What I wouldn't give to have someone feel that way about me. But that'll never happen. I'm not the kind of girl who garners that kind of love. Heck, my own mother would have sold me for a nickel bag of pot. Actually, I think one time she did. And Danny… Oh Danny, why?

"Are you crying?" Robin asks suddenly, cocking his head in confusion. "Did I upset you by my words?"

I swipe at my eyes with my sleeve. "No. Sorry," I say, my face burning with embarrassment. "Your story just…affected me. I'm real sensitive. Always crying at movies—er…plays." They did have plays in medieval times, right? God, what I wouldn't give for five minutes with Wikipedia to look this stuff up.

Robin reaches over and awkwardly takes my hand in his, giving it a small squeeze. The gesture sends a flood of longing straight to my already-aching heart. He's so sweet. So genuine and true. He would have never cheated on Marian with a waitress. Heck, he wouldn't have cheated with the Queen of England. He's the type of man who's loyal to a fault. The one who loves with all his soul.

And where does that loyalty leave him? Heartbroken and alone. Just like me.

Love is so overrated.

Robin releases my hand, and I look over, catching a small blush on his face. He's probably realizing it might not be too cool to start petting the eunuch. Suddenly the urge to tell him the truth about who I am overwhelms me. What would he do if I told him I was a woman? What would he do if I told him I was from the future? Would he forgive me? Would he fall in love with me? Not that I want that to happen. Well, not really…

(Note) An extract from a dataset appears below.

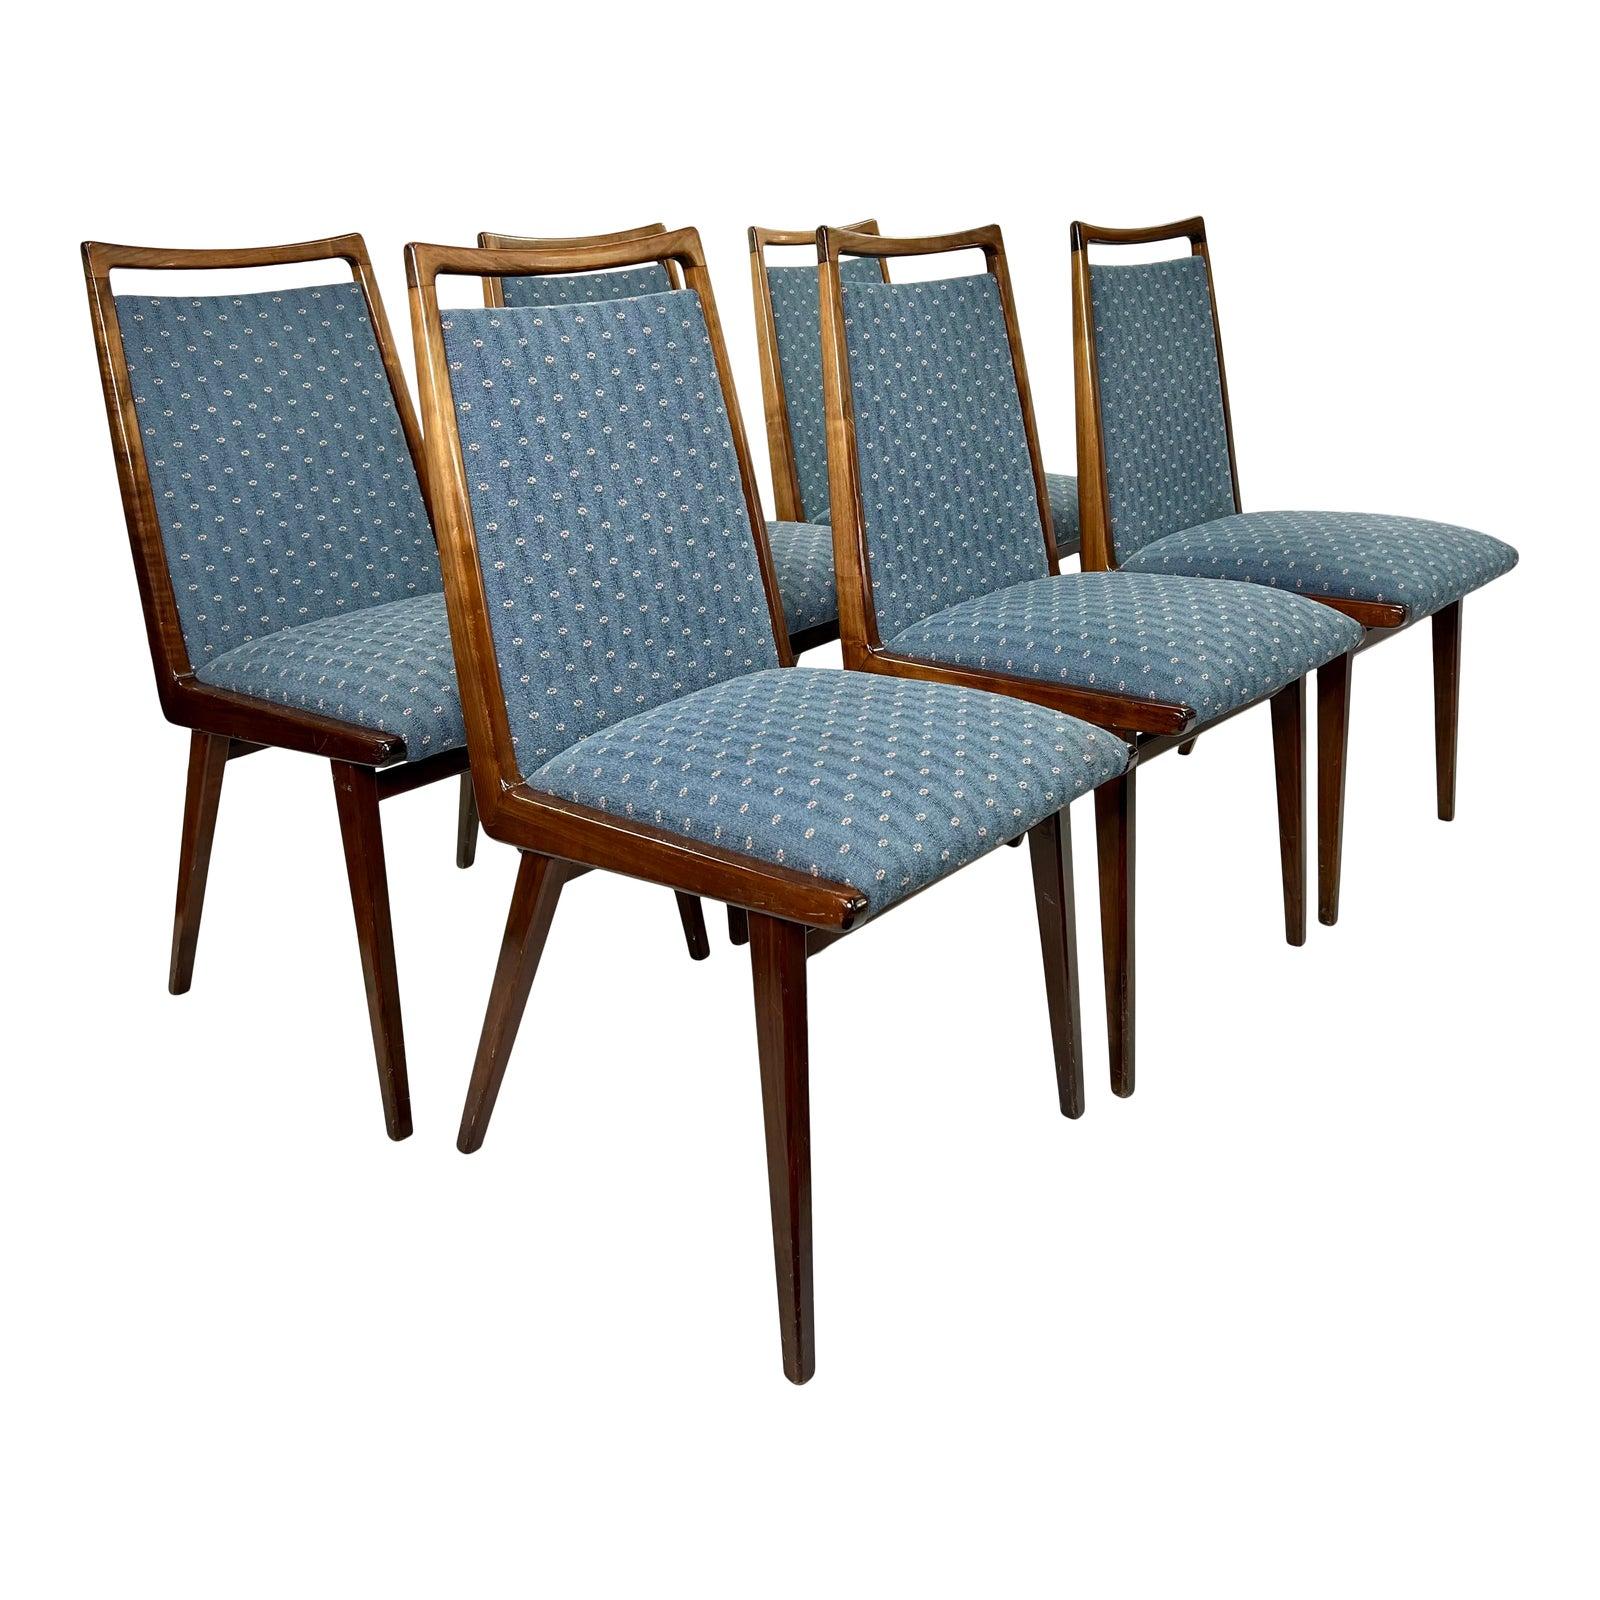 Mid century dining chairs made in Germany by Casala.

Get a hold of yourself, Chrissie!
This isn't some random encounter with a random guy you met in the woods. You already know how the legend plays out. Who he ends up with. No matter what issues they're having now, Robin marries Maid Marian. End of story. Don't go falling for someone who's destined to hook up with someone else. You'll just be left, once again, heartbroken and alone.

Thankfully, Robin changes the subject. "I saw you holding a bow yesterday," he says. "How are you at archery?"

I swallow hard, pushing my emotions back down my throat, just as I instructed him not to do moments earlier. But what choice do I have? If I fall apart here, he'll just freak out and run in the other direction. And where will that leave me? No, it's better to stay in character. A place to sleep and food to eat are more important at the moment than indulging in my mixed-up feelings and sharing them with someone who wouldn't be interested in listening.

I wrinkle my nose and force myself to laugh. "The bow? I'm terrible. I can't seem to get the hang of aiming the stupid thing."

"I figured as much," he says, reaching over to ruffle my hair. His fingers tingle as they lightly scrape against my scalp. "Tomorrow, if you wish, I will aim to teach you the secret."

"Yeah?" I ask, stealing a glance at him. He smiles at me, a gentle sweet smile that breaks my heart. "That would be…nice."